カイリの耳に何か鈍い音が響いたが痛みは無かった恐る恐る眼を開けると・・・目の前にはソラが立っている。
「カイ・リ・・・無事・・か・・・?」
「「ソラ!!」」
そう、ソラは自らを盾にしてカイリを守ったのだ。だがソラは倒れない。倒れるどころかノーバディに向けて走り出した。親友を助けたい一心だろう。しかし重傷のソラに倒せるはずは無く。
「はああああああ!!」
「ジャマダ!!」
ノーバディに殴られ吹っ飛んだ。
「つッ強す・・・ぎる」
ソラは気を失い、倒れた。もはや動く事さえ出来無いだろう。
「「ソラ!!」
二人はすぐにソラのもとに駆け寄った。
「ソラ!ソラ!起きろ!」
「アンシンシロ。シニハシナイ。ソノカワリオマエタチガシヌノダ!ツイデニオシエテヤロウ!ワレノナハ クロウ!イマノトコロダト、ロクバンメニツヨイノーバディダ!」
六番目、なんて中途半端なのだろう。ノーバディ・・・クロウはそう言い再度ソラの側にいるリクとカイリのもとに走り出した。リクは避けようとしたがカイリがその場から動こうとしないので動けなかった。
(くそ、ソラでも勝てないのに俺に勝てるのか?)
リクがそんな事を考えている内にどんどんクロウが迫ってくる。
(いや勝たなければいけない。ソラが気絶してる今、ソラとカイリを守れるのは俺しかいない。)
リクの周りになにかが見えてきた。
(守れるか?俺に?いや。守らなくてはいけない!絶対に!!)
覚悟を決めたその時。リクの体が闇に包まれた。しかし闇なのにそれはなぜか明るく見える。そしてリクの頭の中に不思議なそれでいて暖かい感じがする声が聞こえた。
―ついに目覚めたか闇の十三機関よ―
(?・・・誰だ?)
そんな声が聞こえているときリクの周りがスローになっていた。
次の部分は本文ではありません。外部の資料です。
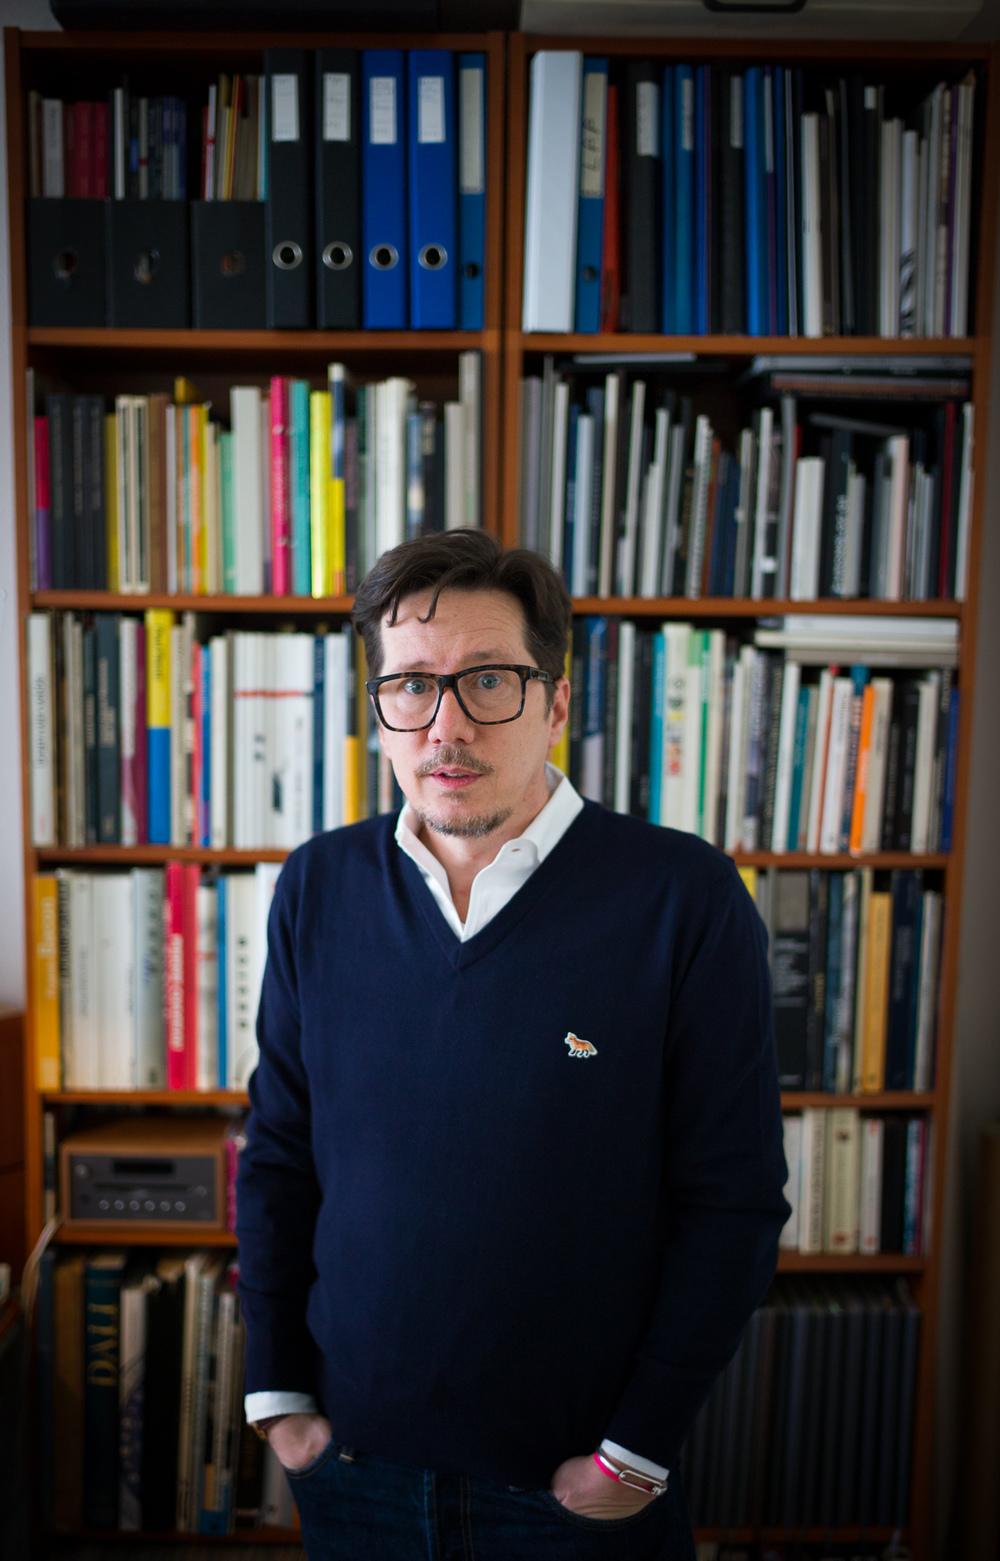 Eric Giroud, photographed inside his home, Geneva, Switzerland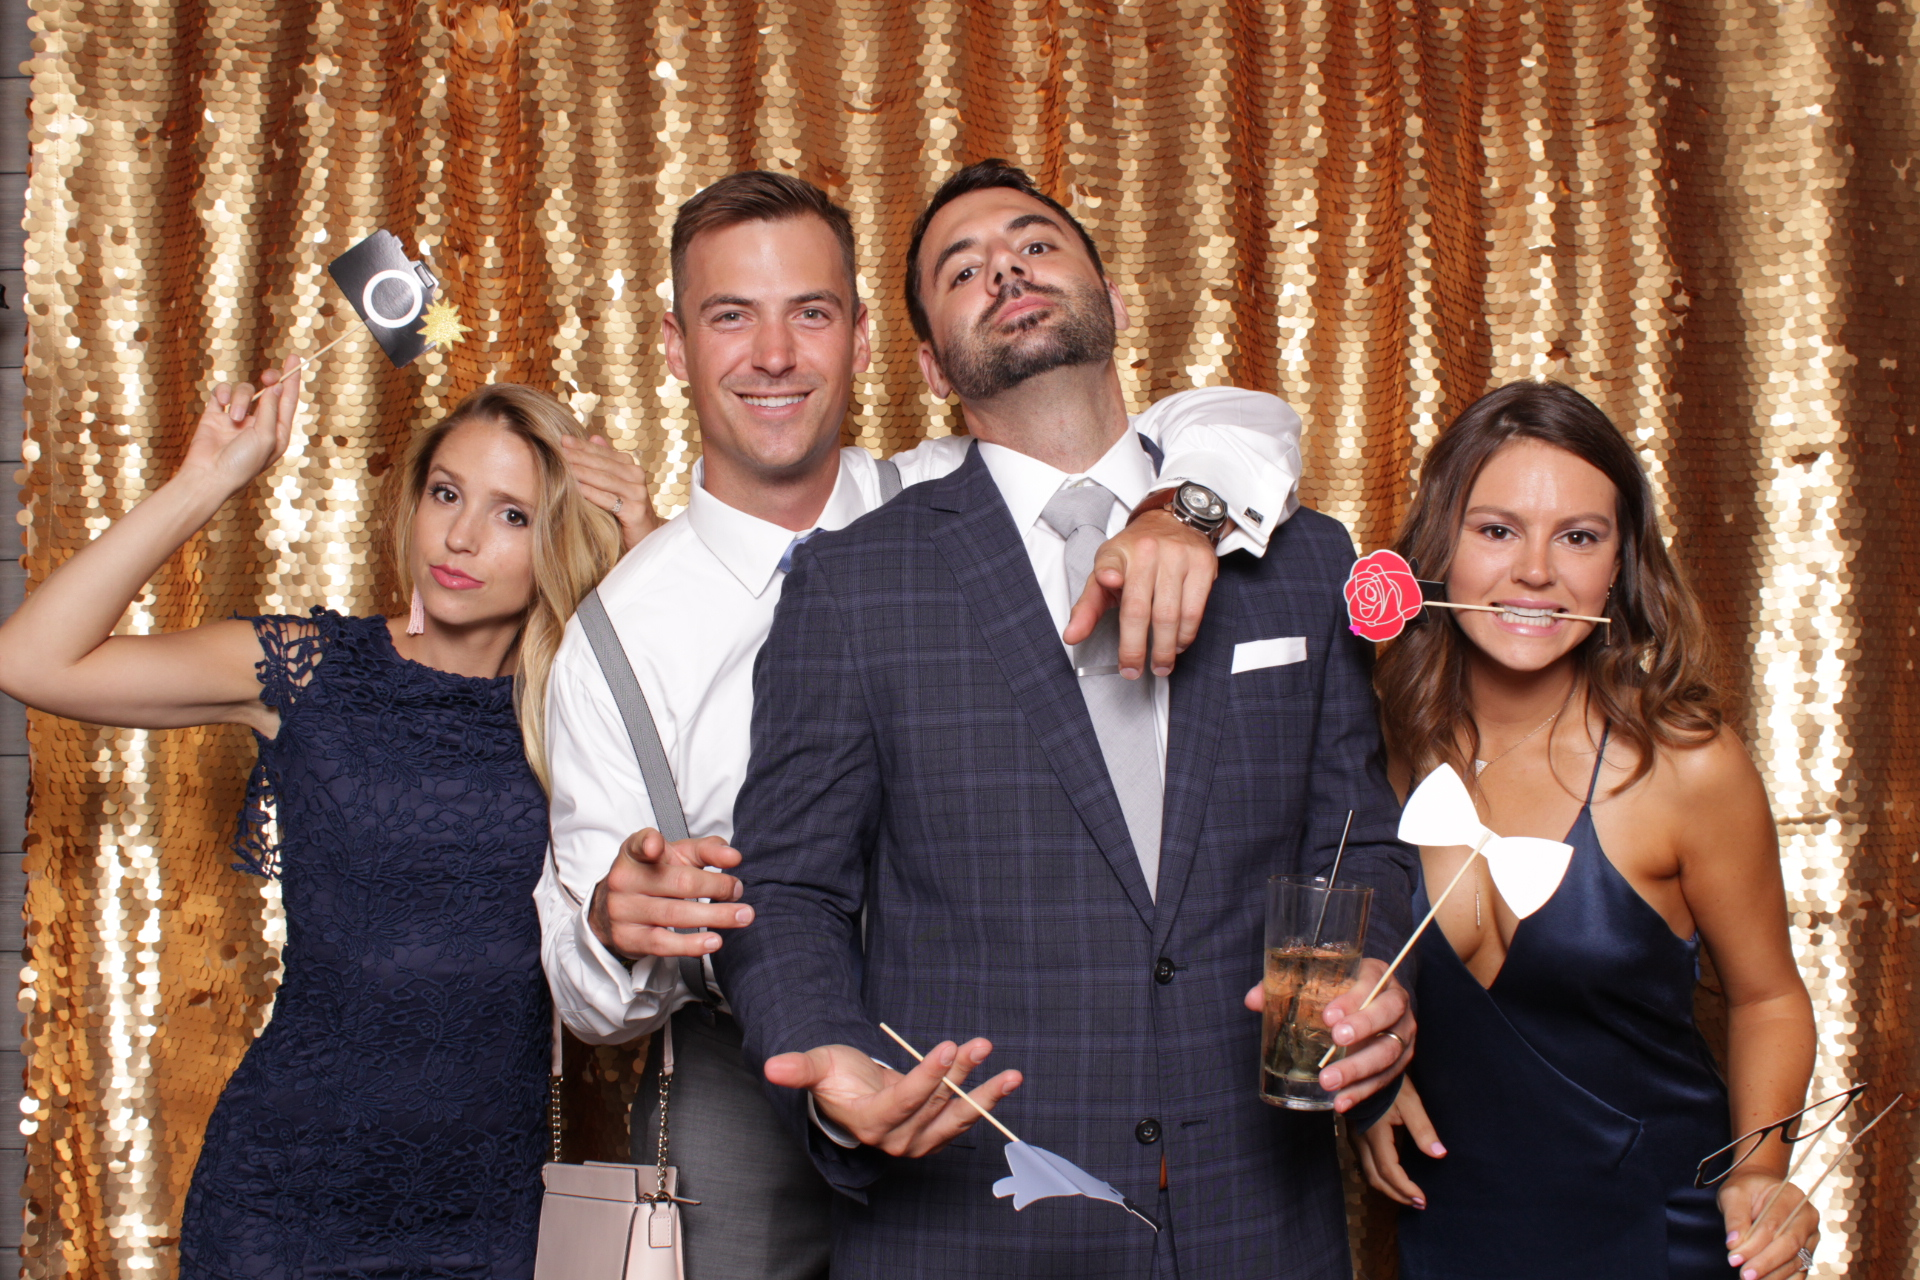 Minneapolis_wedding_photo_booth_Machine_Shop (9).jpg

つまりノーバディとカイリの動きも遅くなっている。
―私は、闇の十三機関の力、つまり君の力だ―
(闇の十三機関?闇だと?俺の中にもう闇はない!)
―勘違いしてもらっては困る。闇といっても光の勢力の闇だ―
(光の勢力の闇?よく分からないな)
―今は分からなくてもいい。そのうち分かる。とりあえずあのノーバディを倒すのだろう?ならば使え、闇の十三機関の力を―
よく見ると周りが遅いといっても、もうクロウはすぐ近くに来ていた。
(ちっ考えている時間は無いようだな。しょうがない使うか!)
「・・・滅せ!ダークフレイム!」
即座に頭に入ってきた魔法をリクは唱えた。
リクの手、いや突如現れた鍵の様な剣、キーブレードから黒い炎が出てクロウに飛んで行きそして命中した。さらに命中した後も炎はクロウから離れずにダメージをあたえ続けている。これにはクロウも耐えきれず。海の方に走って行った。
「これは、キーブレード!」
リクは、驚いていた。なぜならこの世に存在するキーブレードはソラと王様が持っているやつだけだと思っていたからだ。そのキーブレードが手元にある。一瞬王様に何かあったのか?と考えたが王様のとは形が違った。何より黒いのだ。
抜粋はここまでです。